By David M. DeMay

patentthisIn the inventor community, many possess a limited understanding of the U.S. patent process.

One of the most common misunderstandings relates to the notion of a “provisional patent.” I’ve heard people say, “I have a provisional patent” or “I am protected because I have filed for a provisional patent.” Because of their misunderstanding of the process, many have unintentionally surrendered any patent rights they may have secured for their invention.

There is no such a thing as a provisional patent. There is, however, a provisional application for patent, which is just that – an application. It’s not a granted patent.

A provisional application for patent provides a way to establish an early priority date for a subsequently filed non-provisional application. Once you file a provisional application, you can use the term “patent pending.”

A quick primer:

  • Provisional applications can’t be used for design patents.
  • Provisional applications are not examined on their merits and become abandoned 12 months from their filing date.
  • If a non-provisional application, claiming the benefit of the provisional application, is not filed within 12 months, you lose the benefit of the earlier priority date, and that may adversely impact the patentability of your invention.

Although you can use the term “patent pending” after filing a provisional application, you can’t enforce any patent rights.

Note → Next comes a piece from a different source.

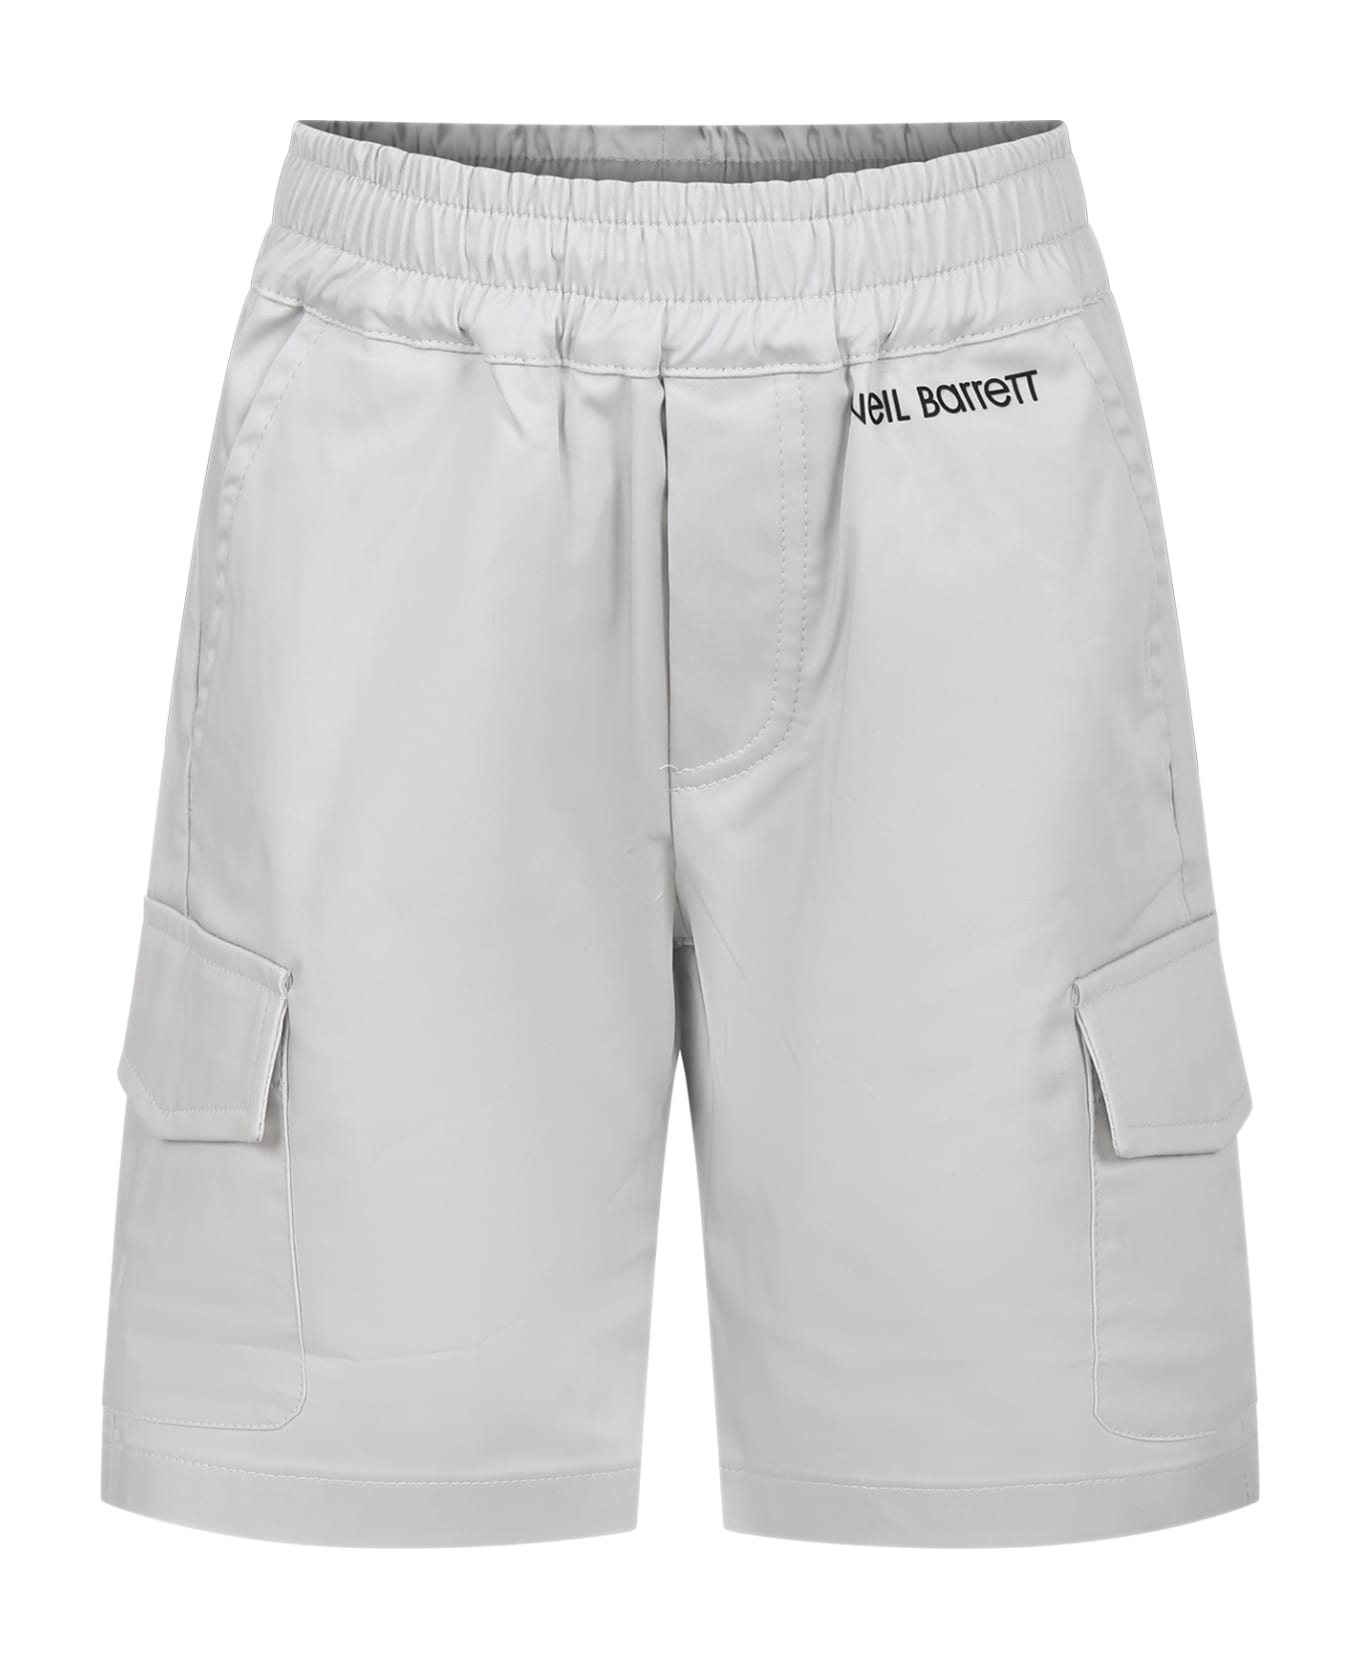 Neil Barrett Grey Shorts For Boy - Grey ボトムス

And there are penalties that can be imposed for false and/or deceptive use of that phrase.

“Patent pending” gives notice that a current patent application covering an invention is on file with the U.S. Patent and Trademark Office. It does not mean that a patent has been or will be allowed, only that an application for a patent is currently on file.

Many are confused when they hear about provisional rights authorized under 35 U.S.C. §154. This section does not grant rights to a provisional application for patent, nor does it grant rights before a patent has been granted.

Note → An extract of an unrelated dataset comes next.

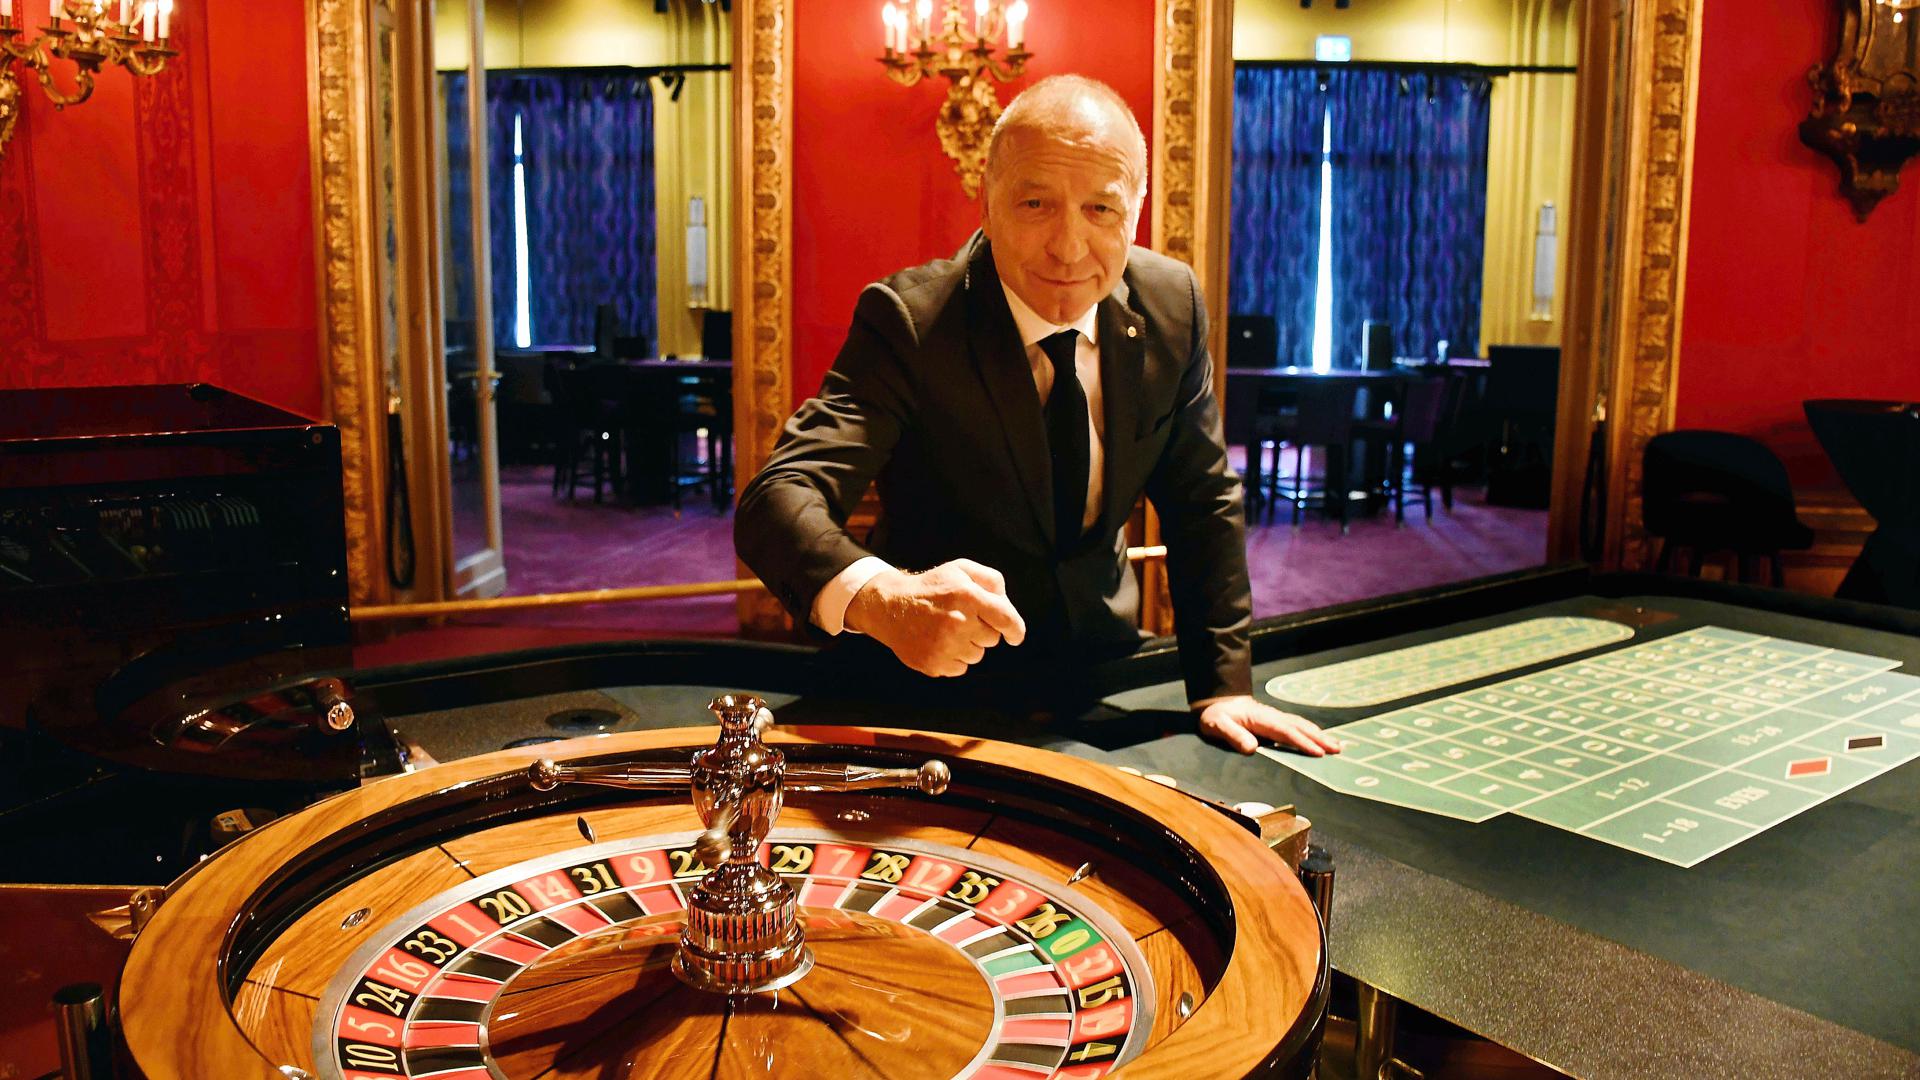 Thomas Schindler steht am Roulette-Tisch.

Provisional rights under §154 relate to the retroactive enforcement of patent rights in very limited circumstances. If final patent meets certain criteria, you may be able to enforce your rights for some period before the date the patent was granted.

The takeaway is this: There is no such thing as a provisional patent. And while a provisional patent application allows you to use the phrase “patent pending,” you have no patent enforcement rights under a provisional patent application.

Disclaimer: The information provided in this article is not offered as legal advice. No attorney-client relationship with DeMay Consulting LLC is created by viewing this material.